Chicago’s defense has been awesome in the first month of the season. They’re among the best in the league in nearly every category that matters, and are ranked first overall in DVOA. Now I want to look a little more closely at how well they’re performing against both the run and pass in different areas of the field.


Defending The Run

Chicago’s run defense was solid in 2017, but it has been fantastic so far in 2018. They have shut opposing run games down, and they’ve done it pretty much across the board, as we can see below.

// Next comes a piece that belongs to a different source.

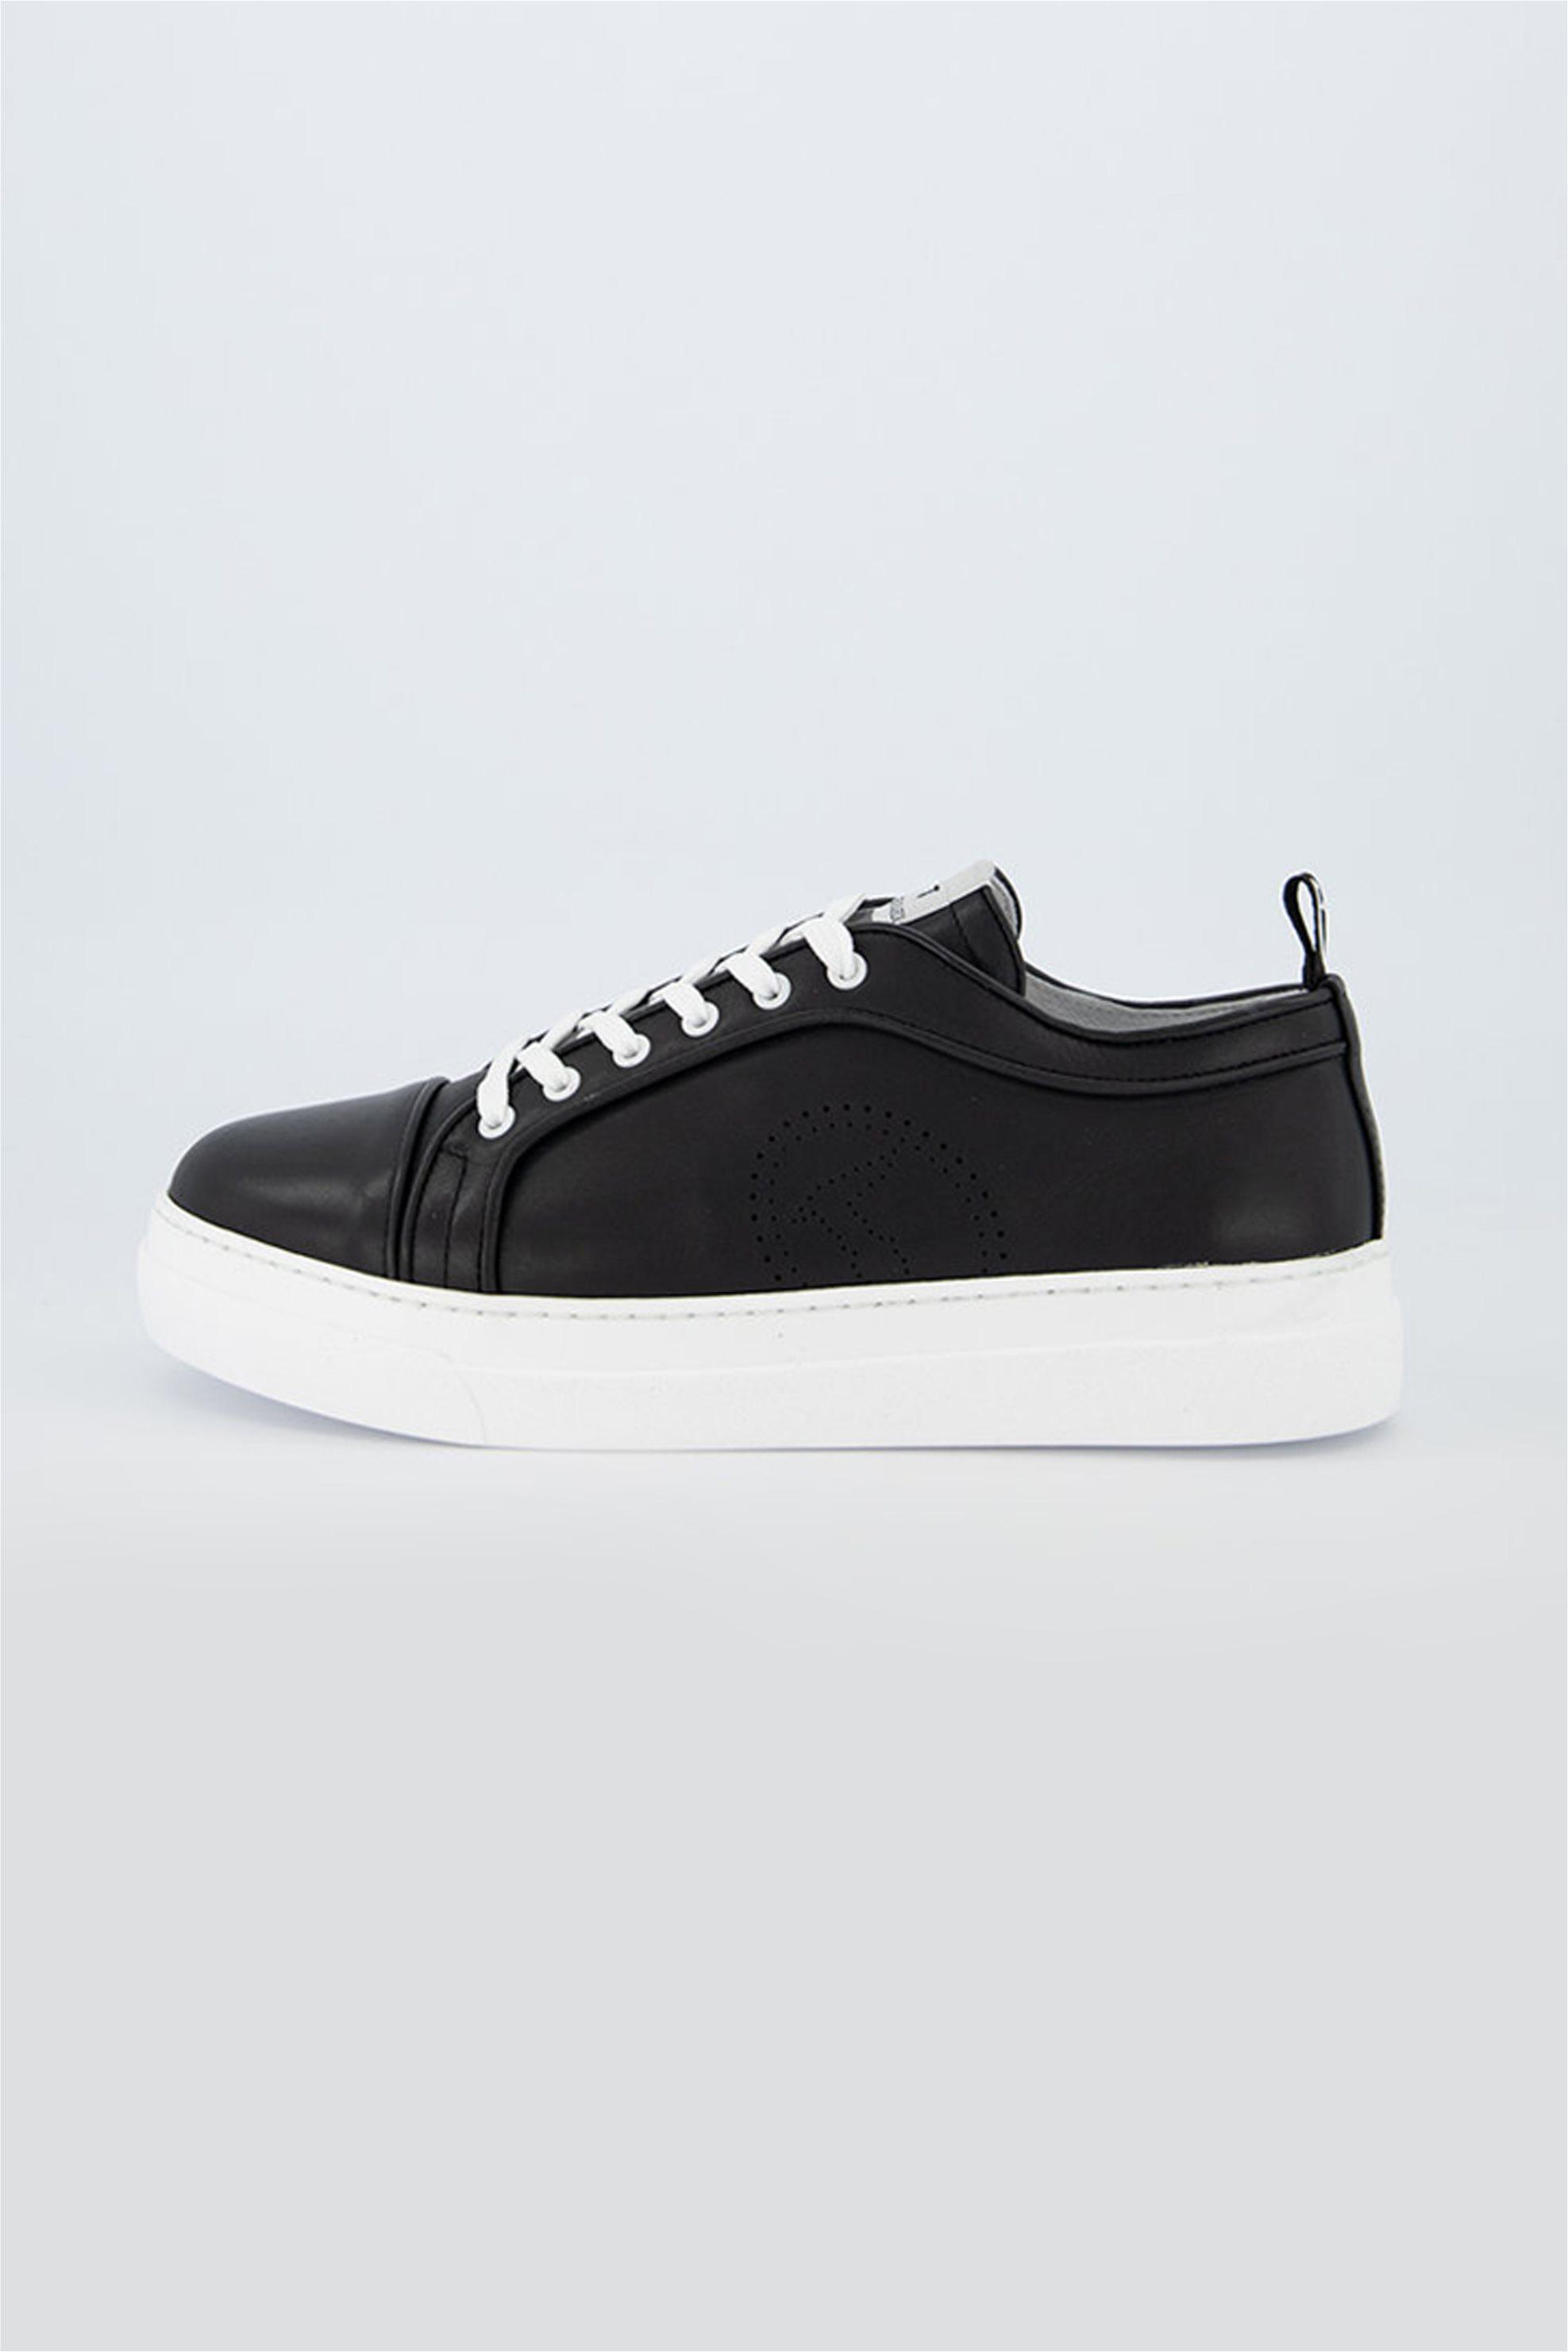 Trussardi ανδρικά sneakers με διάτρητο λογότυπο – 77A00296-9Y099999 – Μαύρο

Here’s the data for Chicago’s rushing defense by zone, courtesy of the NFL Game Statistics and Information System. The line at the bottom is the line of scrimmage, runs are split into 7 zones, and attempts and yards per carry are listed for each zone, with ranks relative to the rest of the NFL in parentheses. The height of the bar is proportional to yards per carry, and bars are colored green for top 10, red for bottom 10, and yellow for middle 12. Note expected yards per carry varies by region, so the colors are relative to their peers in that region.

A few thoughts:

  • That’s a whole lot of green. Awesome. Last year’s version featured a lot more yellow and red. This is a good time to remind you that Khalil Mack is an elite run defender in addition to being one of the best pass rushers in the league.
  • Speaking of Khalil Mack, he and Akiem Hicks usually line up opposite the RG and RT. Notice where defenses are running towards? There are 38 runs to the left side – away from Mack and Hicks -compared to 21 towards them on the right.